Sine Dancer - Minimalistic Audio Based Funscript Generation via Python

The script itself is short and includes all pertinent information so I am just going to quote it here:

#!/usr/bin/env python3

# Description
#-----------------------------
'''
Sine Dancer generates a Funscript by modulating a waveform
according to changes in audio properties. It can operate as
either a imported python module or independent script.

Consider it a light-weight alternative to the following:
    funscript_dancer    (@ncdxncdx - Github)
    python_dancer       (@NodudeWasTaken - Github)

Run this to view command line functionality:
    python sine_dancer.py -h

See below for
    - An overview of the methodology
    - Example usage as a python module
    - Source code (heavily commented for ease of comprehension)

Author Note:
    I do not have direct experience writing funscripts and expect there is
    much that could be improved upon here. Hence: 
        “To the extent possible under law, the author of this work hereby waives
        all copyright and related rights worldwide. This work is placed in the
        public domain. Anyone may copy, modify, distribute, perform, and display
        the work, without asking for permission.”
    All I ask is that you consider sharing your creations
    with others just as I have done for you.
'''

# Methodology
#-----------------------------
'''
Utilizes the librosa library to extract the following audio properties:
    1) Beat Based Onset Envelope (via PLP Estimation)
    2) Signal RMS
    3) Pitch Frequency
A waveform is then computed whereby:
    Amplitude   => Beat Based Onset Envelope
    Frequency   => Signal RMS
    Offset      => Pitch Frequency
This waveform data is then directly compiled into a funscript.

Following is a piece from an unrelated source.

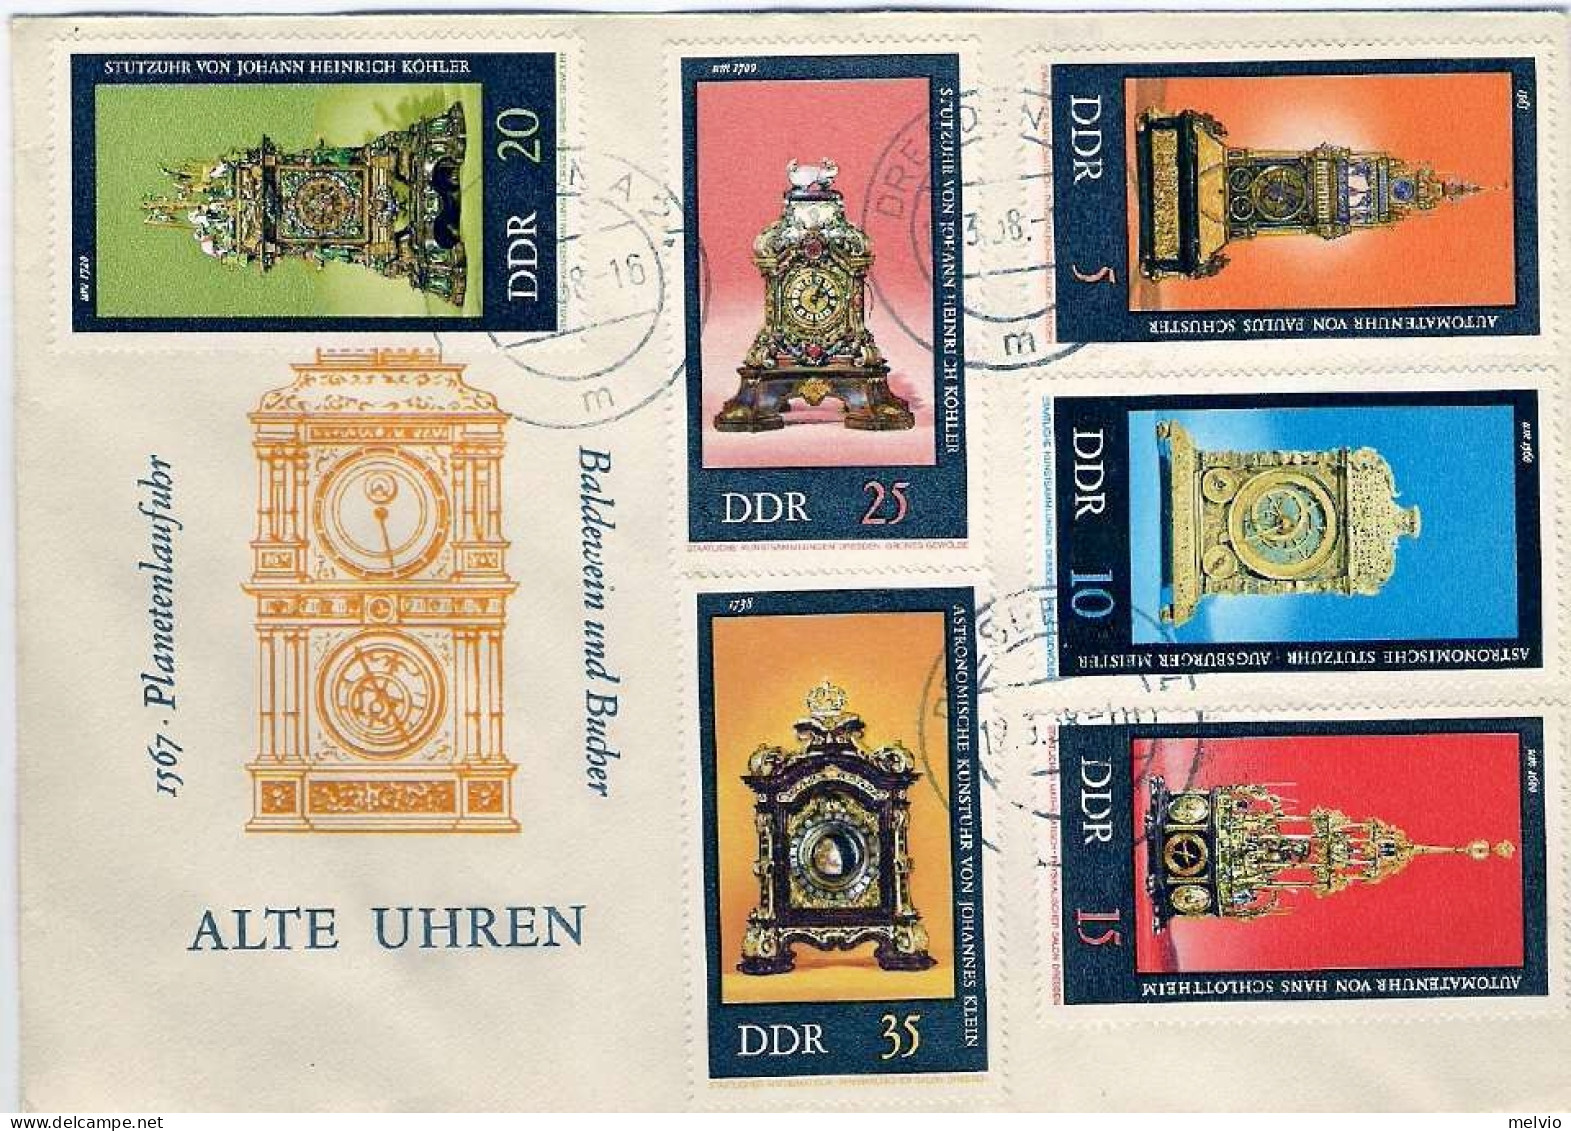 1975-Germania DDR S.6v."Orologi Antichi"su Fdc Con Annullo Di Favore - Covers & Documents

Audio properties are computed every frame where a frame is defined as:
    frame = sample_rate*2048//22050 [number of samples]
Hence the output funscript is sampled at about 10% of the audio's sample rate.
Depending on the usage case this may be excessive so a toggle called reduction
is provided which subsamples to only include local minimum & maximum.
Additional configuration options and toggles are also provided to allow the user
to fine tune the output.
'''

# Example Usage
#-----------------------------
'''
import sine_dancer

audio_file = 'files/test.mp3'
output_file = 'funscripts/test.funscript' 

# Result is saved directly to the filesystem when out is specified 
sine_dancer(audio_file,out=output_file) #'funscripts/test.funscript' now created/updated

# Result is also returned directly as a Funscript object when out is specified
result = sine_dancer(audio_file,out=output_file) #'funscripts/test.funscript' is still created/updated
print(f'time_ms: {result.x*1000}')
print(f'pos_percent: {result.y*100}')
os.remove(output_file) # this can be used to cleanup an unused output file

# Modified config settings can be provided via the config function argument
config = {
    chunk_size_s: 10,   # number of seconds in stream/chunk window
    f_min: 0.2,         # minimum movement speed [cycles/s]
    f_max: 5,           # maximum movement speed [cycles/s]
    A_bias: 0.2,        # envelope bias factor [0,10] (0:1=greater avg amplitude, 1.0=nominal, 1:10=lower avg amplitude)
    A_min: 0,           # envelope minimum amplitude [0,1]
    A_max: 1,           # envelope maximum amplitude [0,1]
    C_min: 0.3,         # minimum waveform offset [0,1]
    C_max: 0.7,         # maximum waveform offset [0,1]
    reduction: true,    # flag to reduce funscript to local extrema [bool]
    debug: false        # flat to also output extracted audio properties [bool]
}
sine_dancer(audio_file,out=output_file,config=config) # Note: any missing entries will revert to defaults

# A function can be provided to track/report execution progress 
def print_progress(x):
    print(f'Current Progress: {x}%')
sine_dancer(audio_file,out=output_file,progress_callback=print_progress)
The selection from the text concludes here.